[WHAT YOU NEED TO DO]
Return the following data exactly, with all pictures left out.

[RECORDED INFORMATION]
[Start of section]

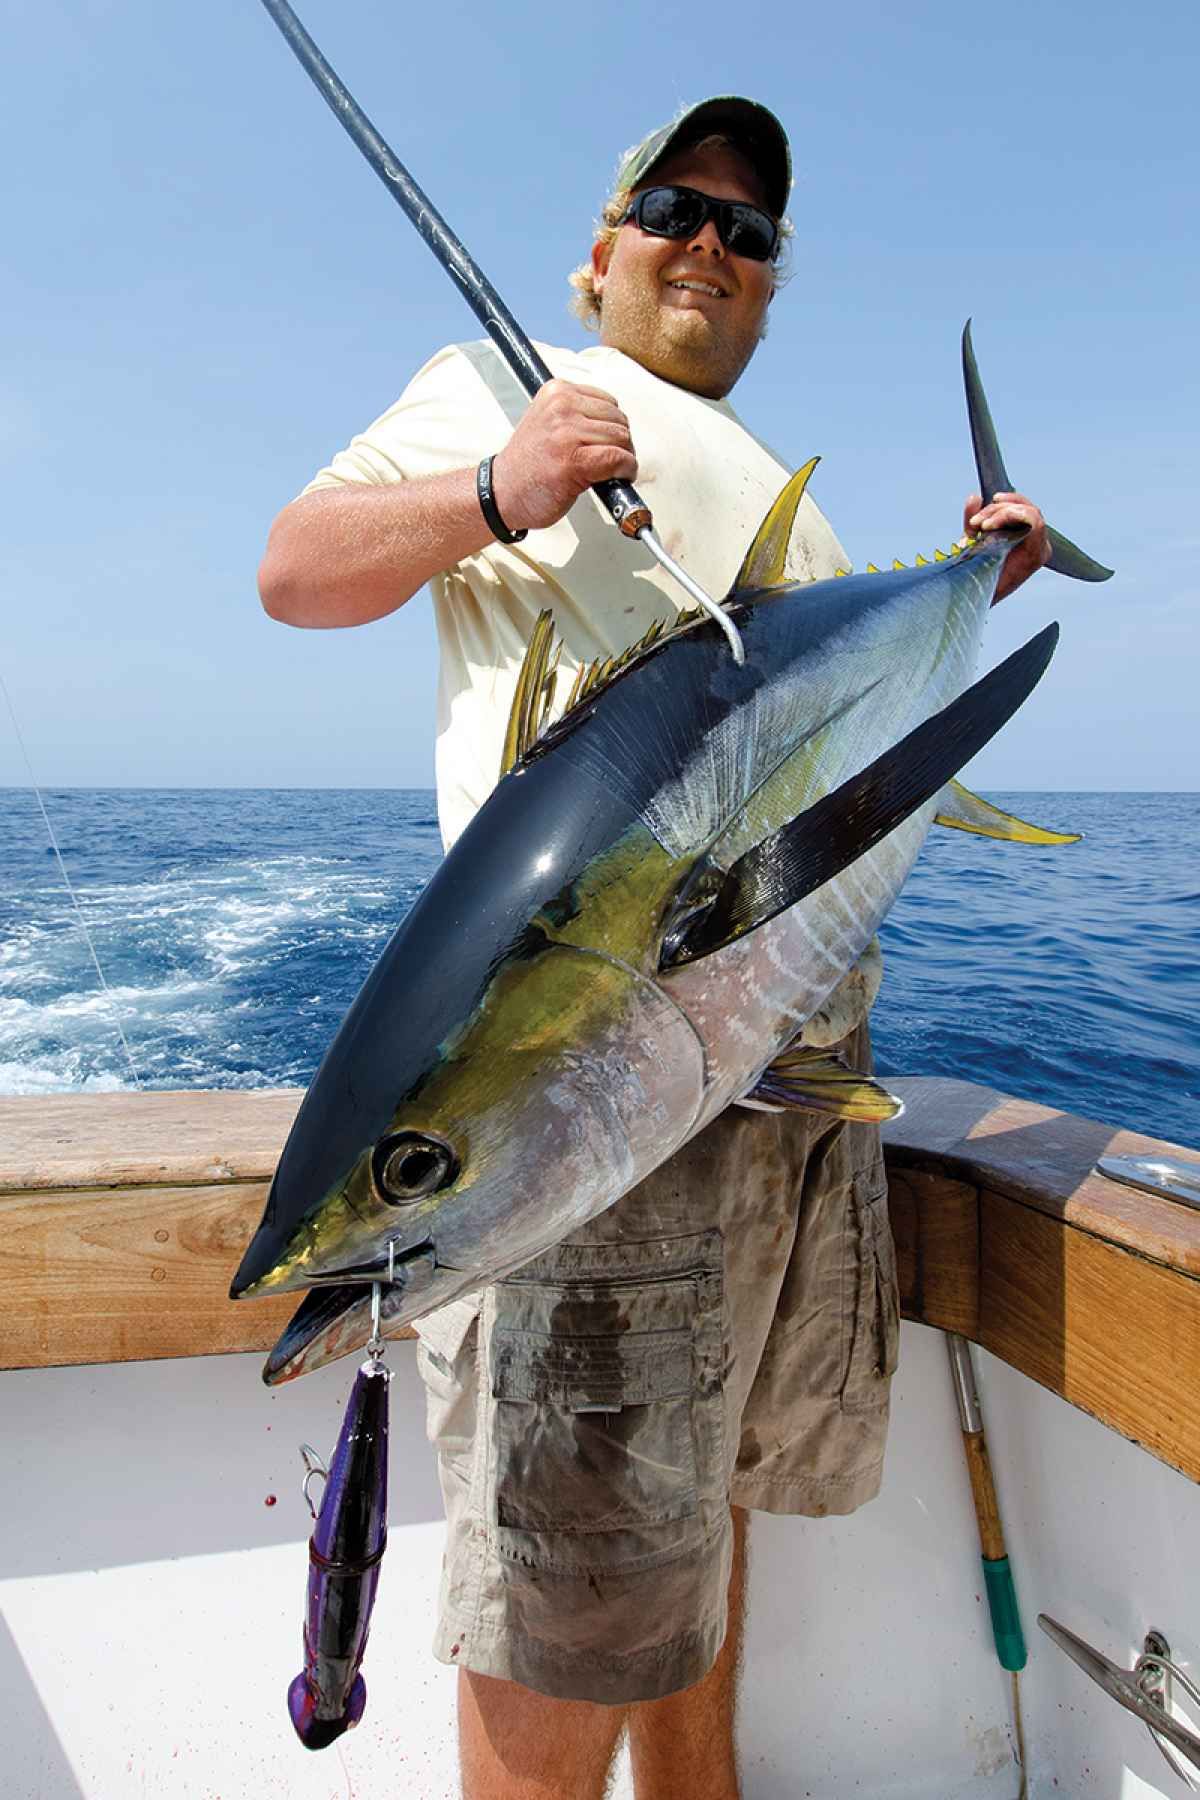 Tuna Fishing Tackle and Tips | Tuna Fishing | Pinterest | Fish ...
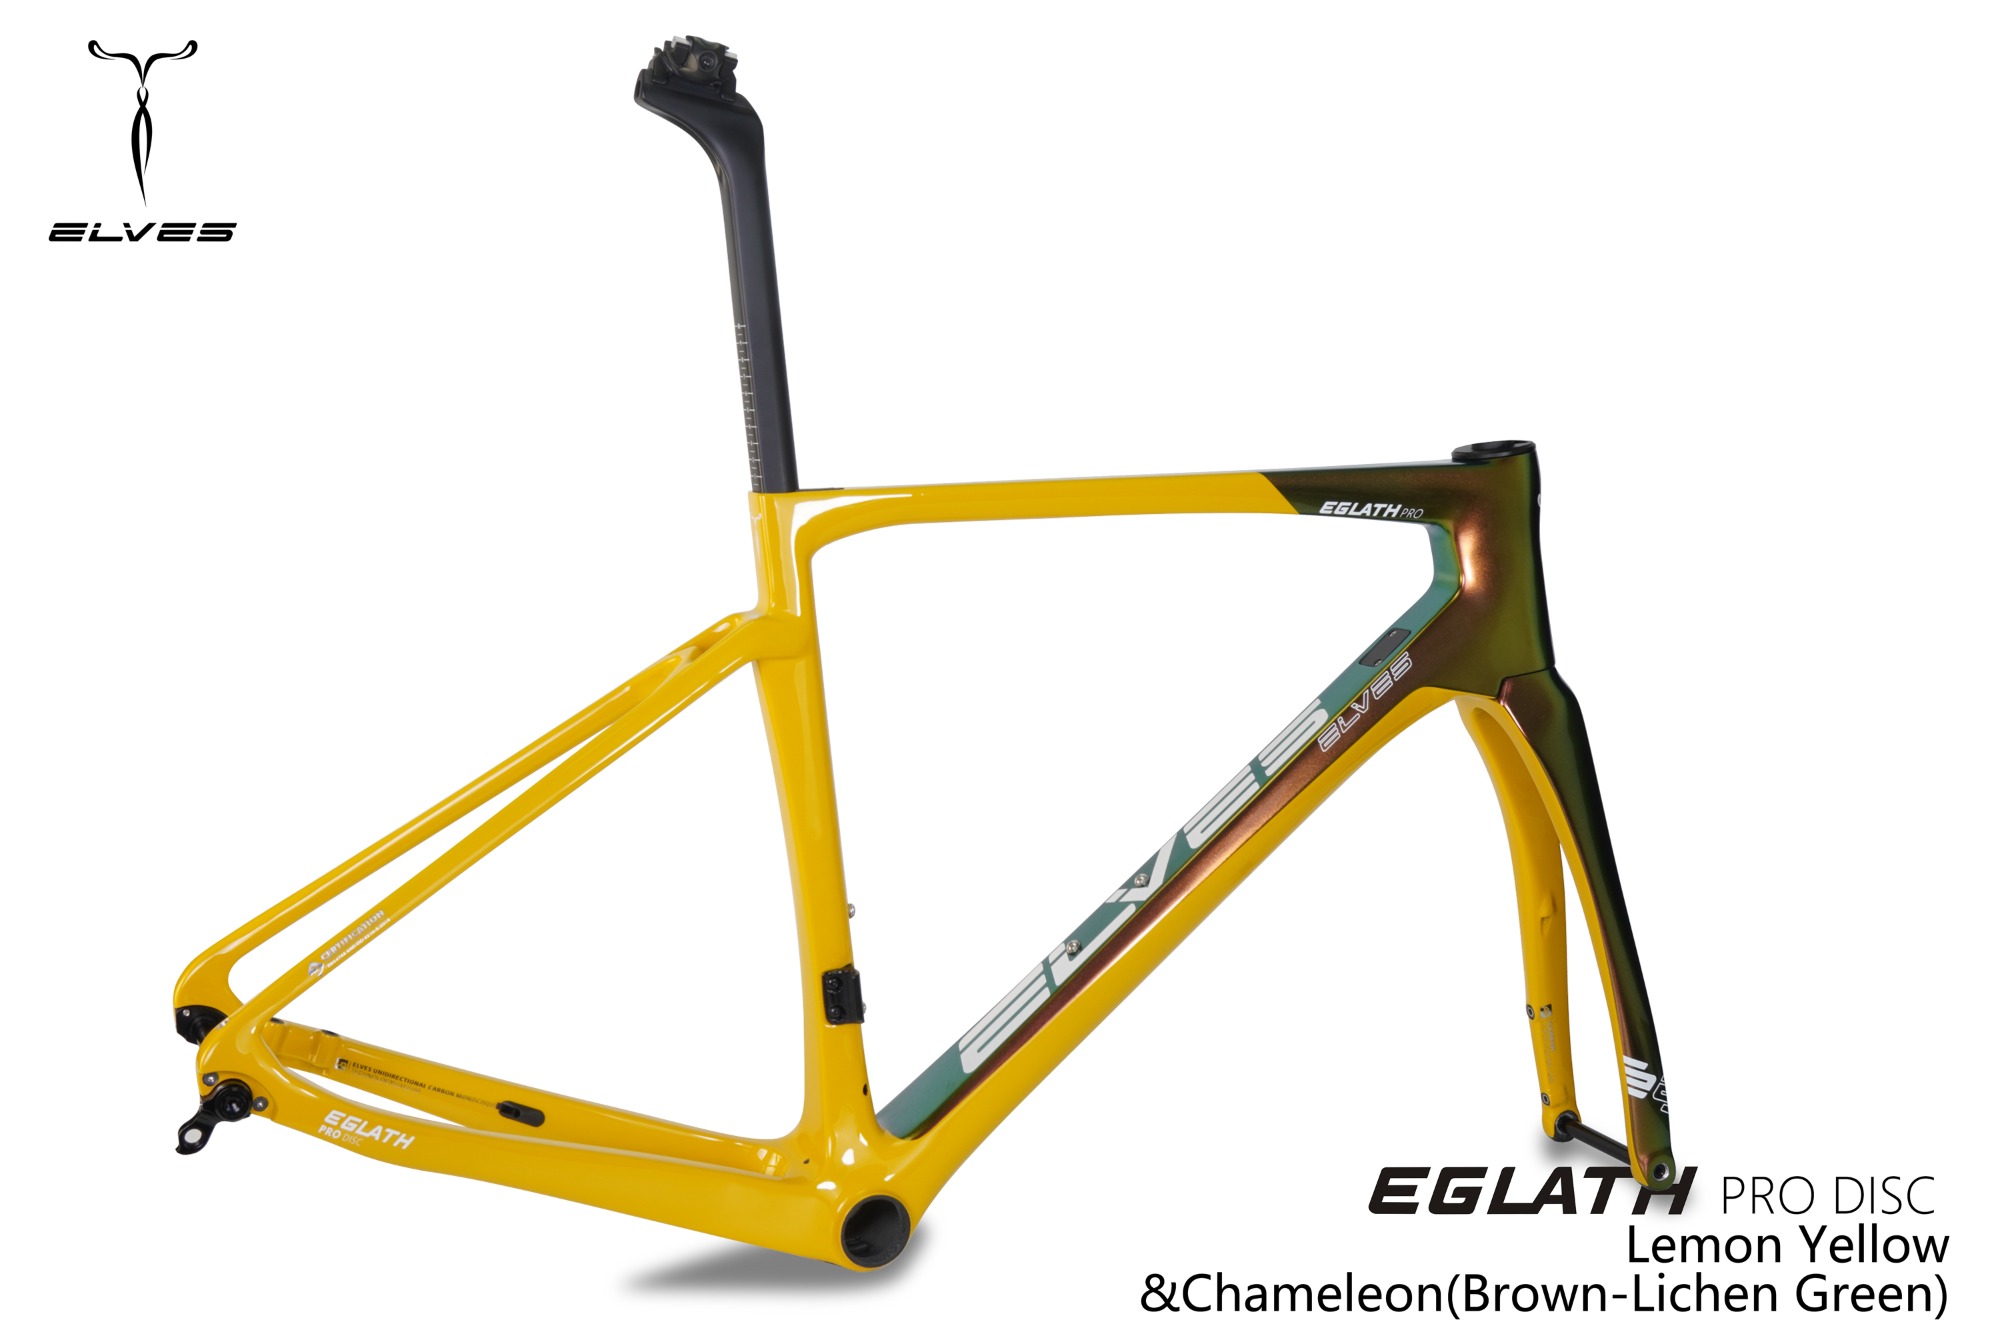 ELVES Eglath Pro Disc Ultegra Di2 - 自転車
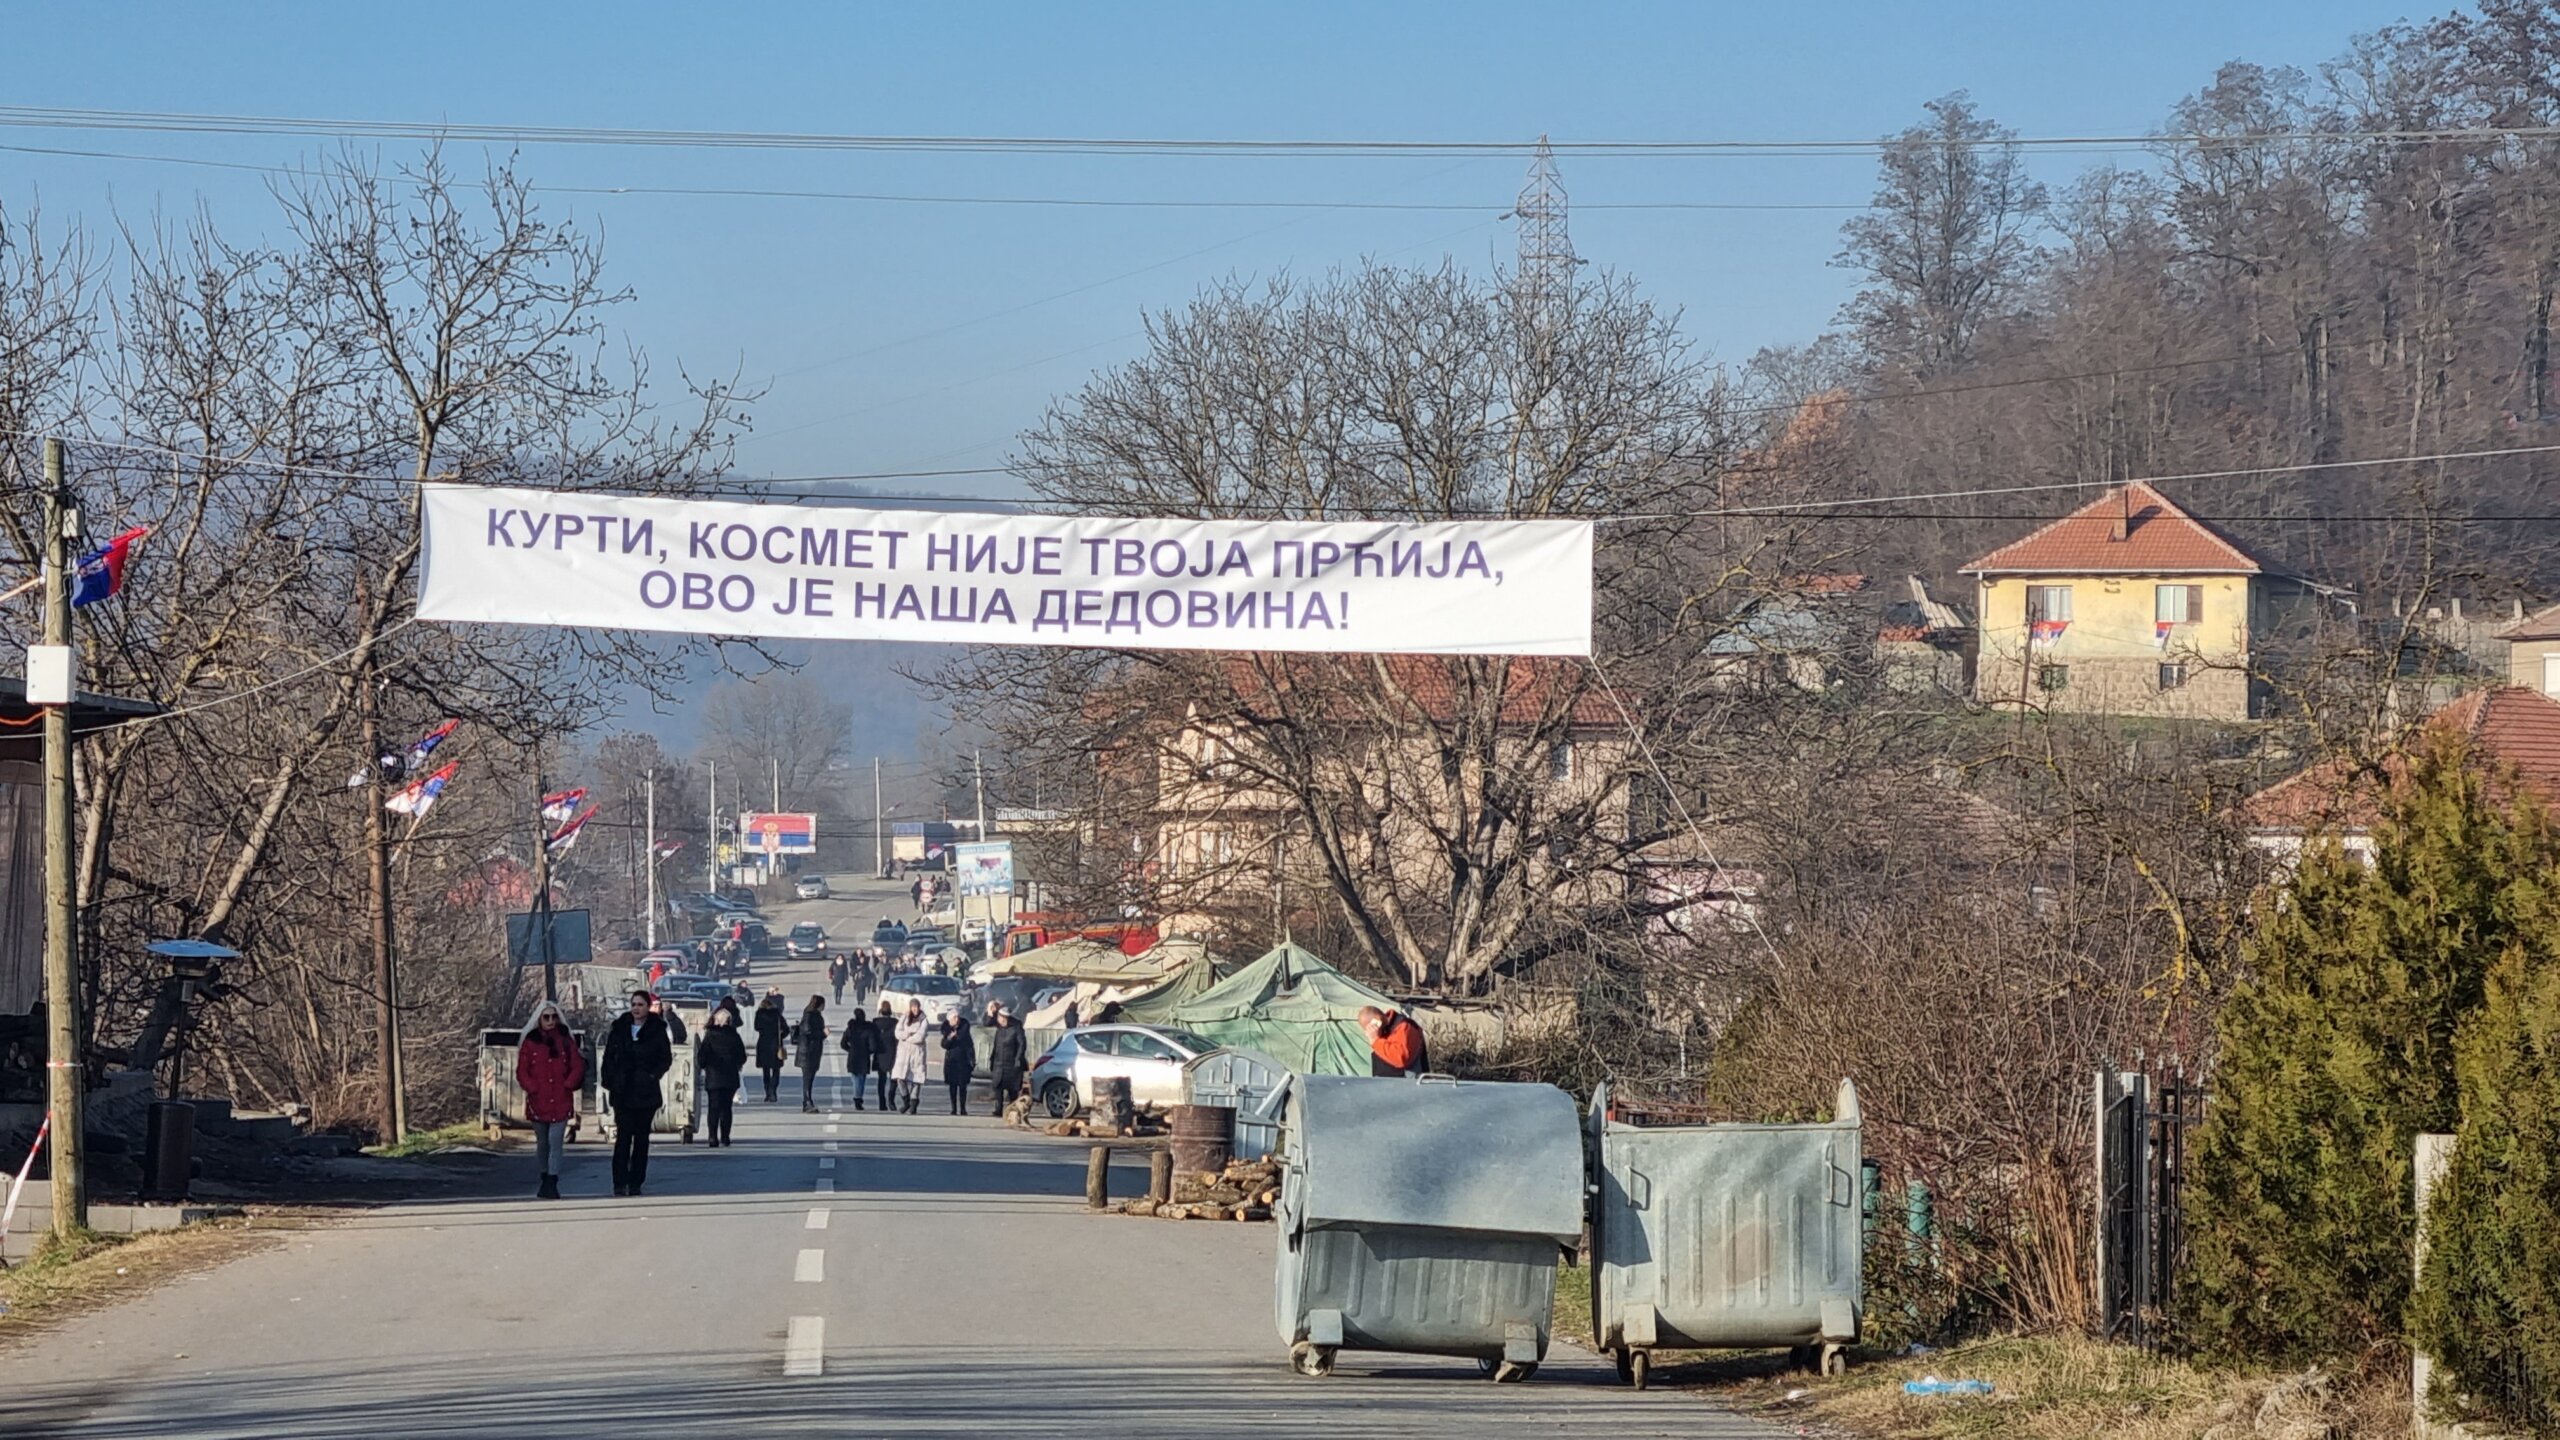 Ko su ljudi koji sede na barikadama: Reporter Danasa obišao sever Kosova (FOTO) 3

[End of section]

[RESPONSE TO THE TASK]
 Tuna Fishing Tackle and Tips | Tuna Fishing | Pinterest | Fish ...
 ELVES Eglath Pro Disc Ultegra Di2 - 自転車
 Ko su ljudi koji sede na barikadama: Reporter Danasa obišao sever Kosova (FOTO) 3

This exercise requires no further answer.